就让他随风逝去吧——阿门。

    孔稷在心里哀悼,他可怜小太子,大概这辈子都对热气球有阴影了。

    他手疾眼快,圈住穆元咏的腰际,当场给众人来了个公主抱,穆元咏死死的把头埋在孔稷的怀里面,呜咽一声,如同小兽的哼唧。

    他期待已久的出场,至此全盘覆没。

    没有任何反转的可能。

    这场朝会匆匆落幕,但是大臣的灵魂仍旧留在殿内,留在那殿里的小太子身上。

    内阁有三位宰相,这还是削减后的,听说前朝有六位,如今以右为尊,右宰相年龄六十有余,历经三朝,算是元老级别的人物,他有一撮美须,没事就喜欢拿手捋两下。

    这会儿他一边捋他的美须,一边对一旁的中丞寒暄:“你说这太子,到底是个什么样的人呢?”

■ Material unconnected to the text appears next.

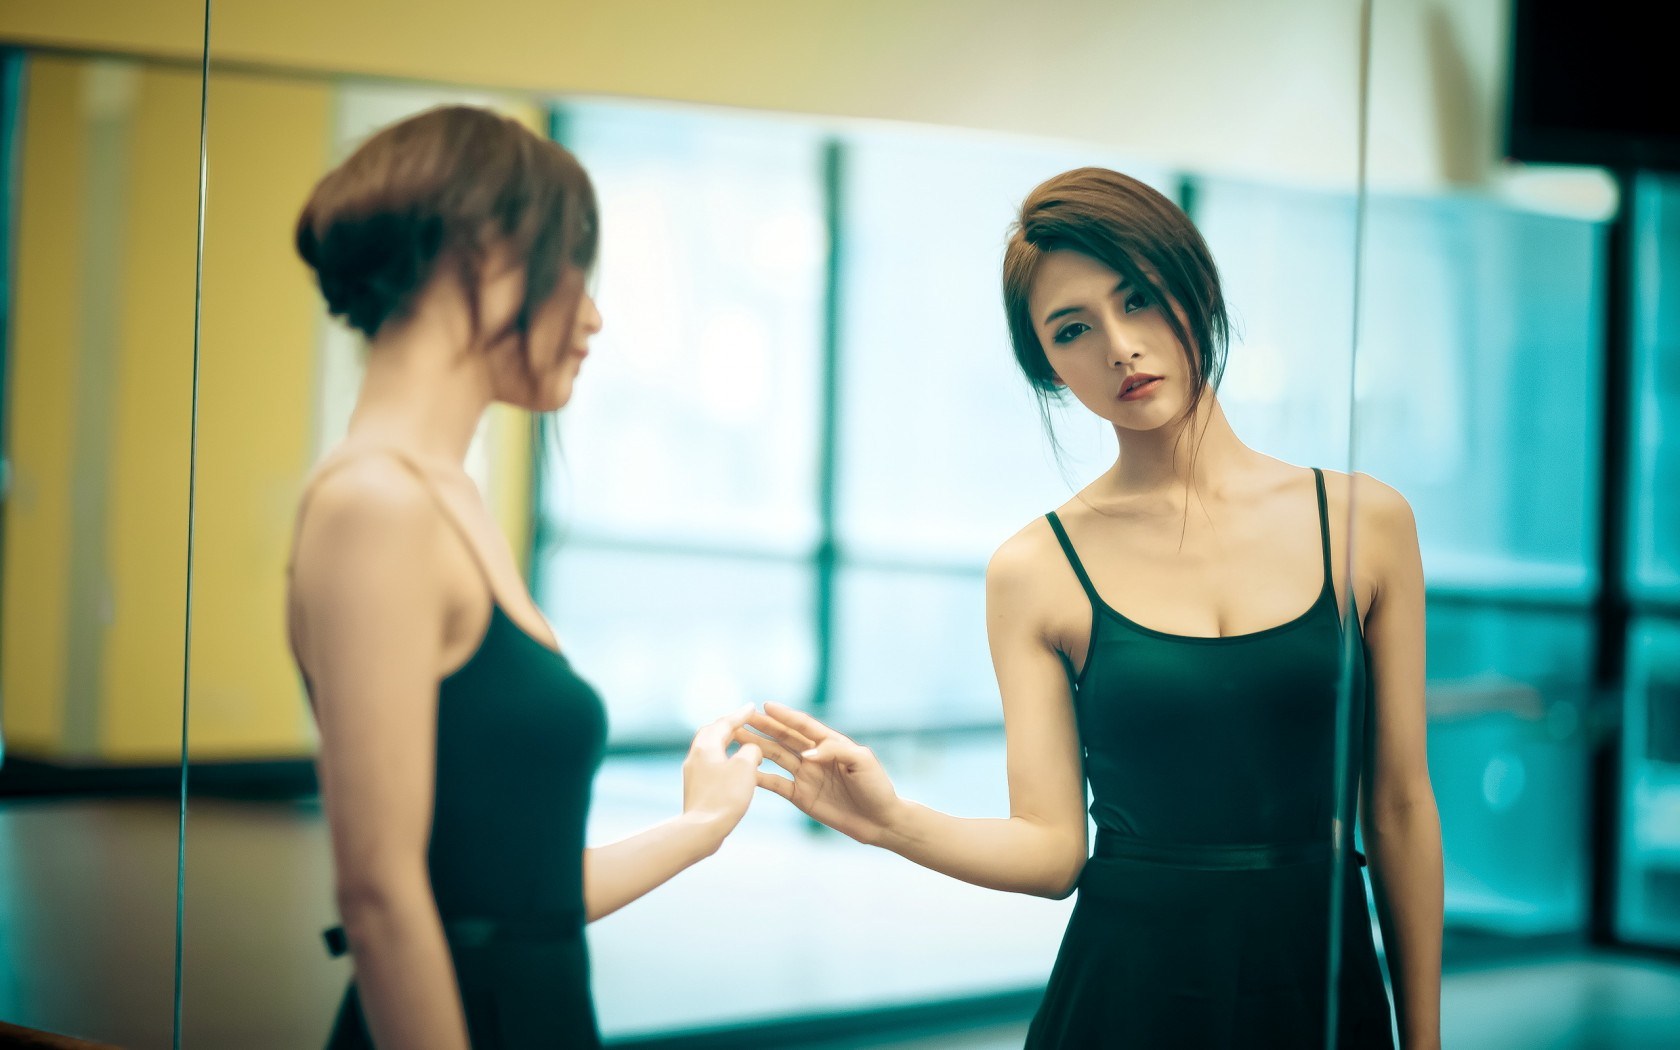 Beautiful Girl Mirror

    御史中丞跟右宰一直是好友,平日里闲暇还会一起品那两口小酒,些许爱好不足挂齿,此时听右宰这么说,知道他只是心有所感,油然而发,也没有多想,跟着答了一句:“不说是什么样的人,到底是太子……”他说着言语一顿,想是也想到殿前的那一幕。

    “不过,我看,却是个有趣的人。”

    右宰被他这句话逗得大笑:“哈哈有趣!果真是个有趣的人!”

    到底还是个年轻人,行事难免猖狂,这大雍,仍旧还是他们的大雍。

    这样的话语在其他的地方也出现过多次,太子之名一日之间响遍京城,那顺竿爬下的幼稚举动反倒盖过了热气球给人的震撼。

    也许是个新鲜玩意儿,但到底还是有些过于危险,不值得提倡。

    ——他们这么评价那热气球。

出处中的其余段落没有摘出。